Edit: Looking more closely at your code I'm concerned about one thing. You're not using consistent transformations: You use both mul(matrix, vector) and mul(vector, matrix). This is not a problem per se, HLSL allows both. It's just confusing when to use a transpose on the app side for the cbuffer matrices (or when to tag them with row_major/column_major in HLSL). Keep it consistent, best throughout all your shaders.
Yea, I've been trying to be stricter about using mul(matrix, vector). I agree jumping between them is bad form. I should point out I haven't done any clean up in this code so I'm sure some things are a bit rough.
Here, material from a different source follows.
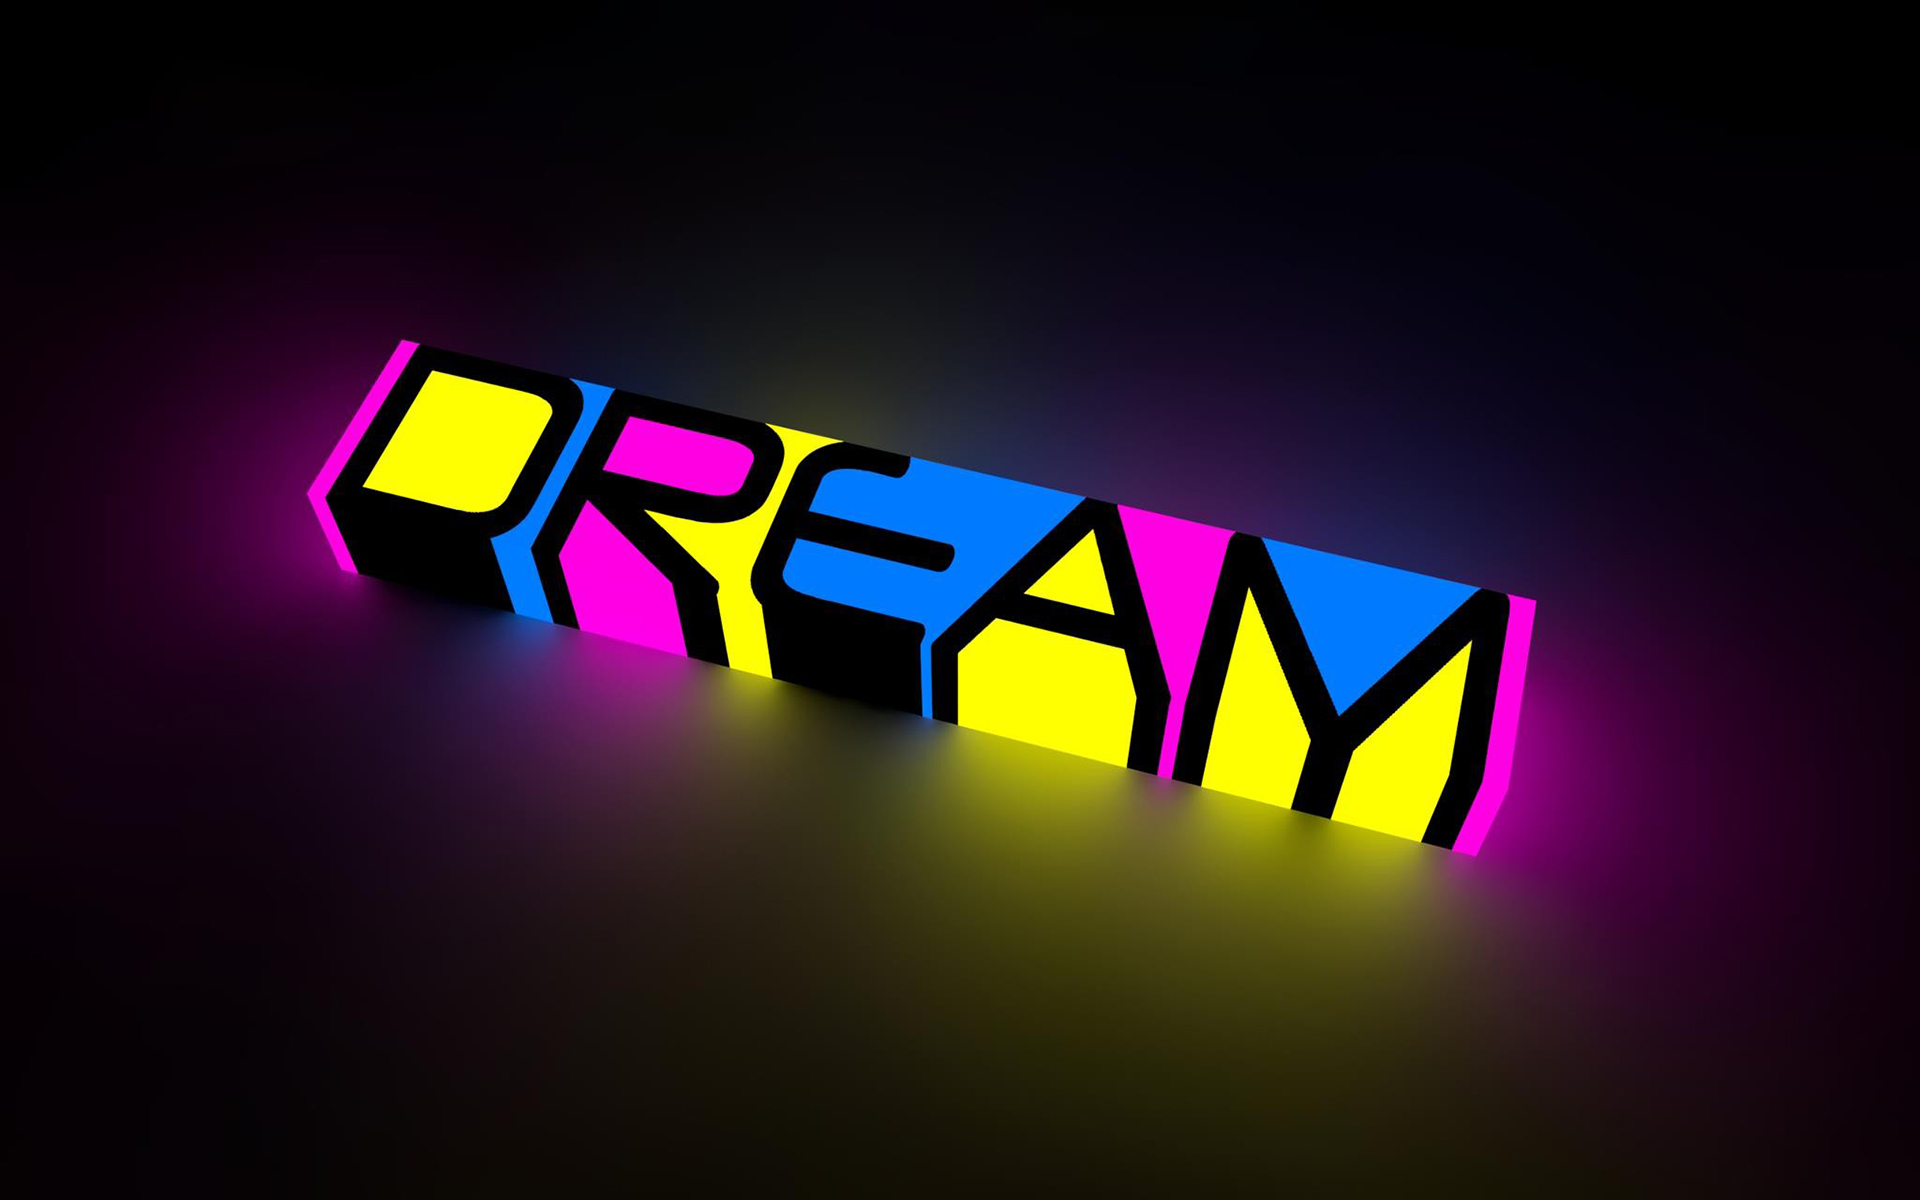 Abstract Dream Color Neon Bright Words Letters
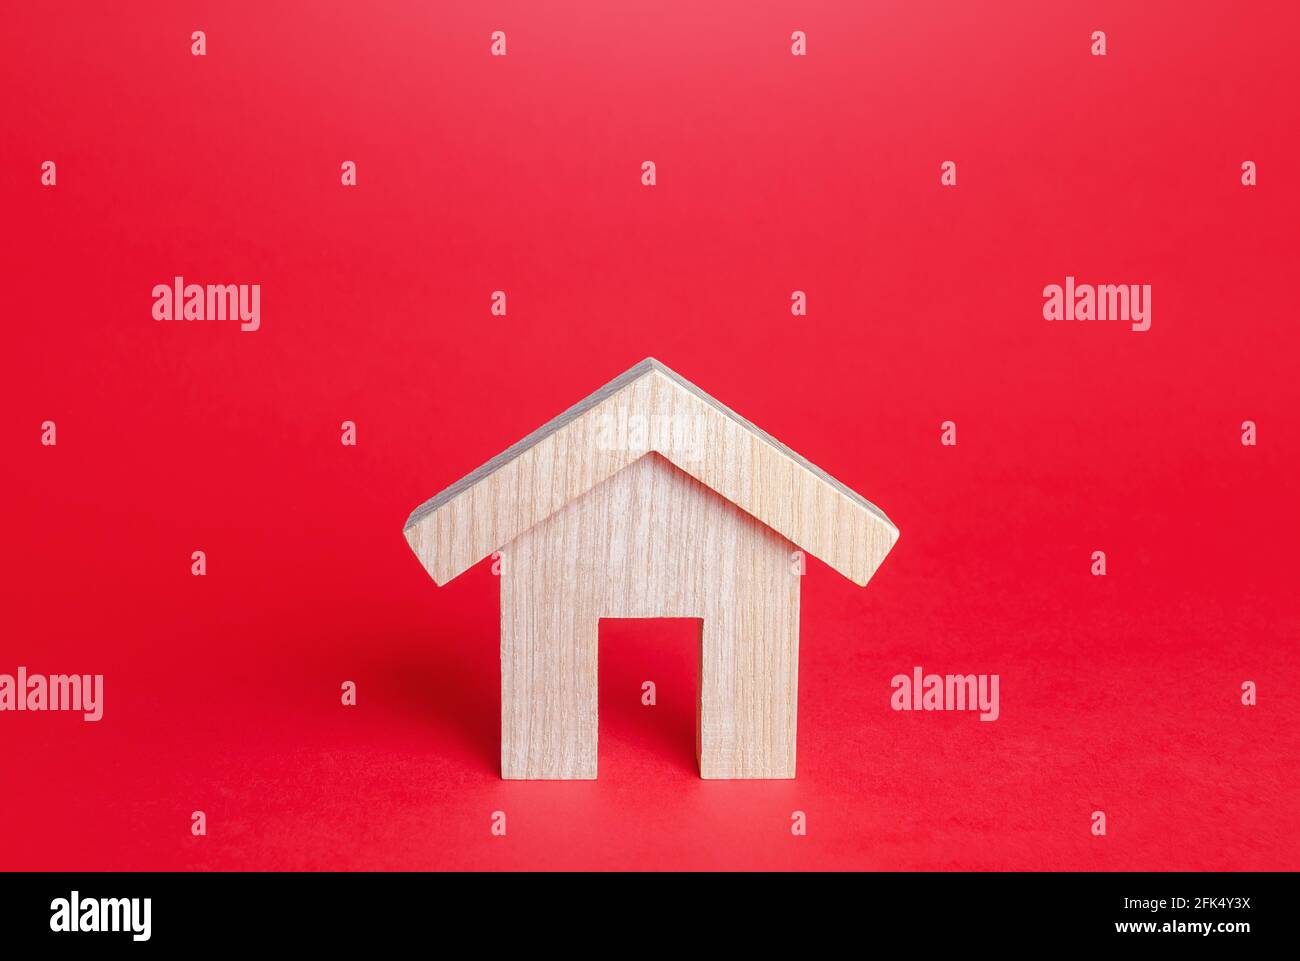 Wooden house on a red background. Buying and selling. Housing, realtor services. Mortgage loan. Renovation and home improvement. Building maintenance. Stock Photo

Here's the image showing the behavior in question:
[attachment=24413:gLighting.png]
You can see there are some very dark fins parallel to lit ones. I agree this is most likely a normal problem, I've attached all the shader code below, but the normal calculation is pretty simple (unless I have my vert indices wrong...). I'd love a simple way to draw normals but since this geometry is created in the shader - I haven't thought of a great way to do that yet.
Shader:
// Un-tweakables
float4x4 World : World;
float4x4 WorldView : WorldView;
float4x4 WorldViewProjection : WorldViewProjection;
float Time : Time;
// Textures
Texture2D<float4> HeightmapTexture;
Texture2D<float4> FoliageMapTexture;
Texture2D<float4> DiffuseMapTexture;
Texture2D<float4> NormalMapTexture;
Texture2D<float4> NoiseTexture;
//Tweakables
float MaxHeight;
uint HeightmapTextureWidth;
uint HeightmapTextureHeight;
float HeightmapVertexStride;
float4x4 TerrainWorldMatrix;
float GrassHeight;
float GrassWidth;
// Static Values
static const float MaxDistance = 512.0f;
static const uint TotalLODSelections = 10;
static const uint LODSelection[TotalLODSelections] = { 0, 1, 1, 2, 2, 3, 3, 3, 3, 3 }; // probably should replace this with some inverse log N value.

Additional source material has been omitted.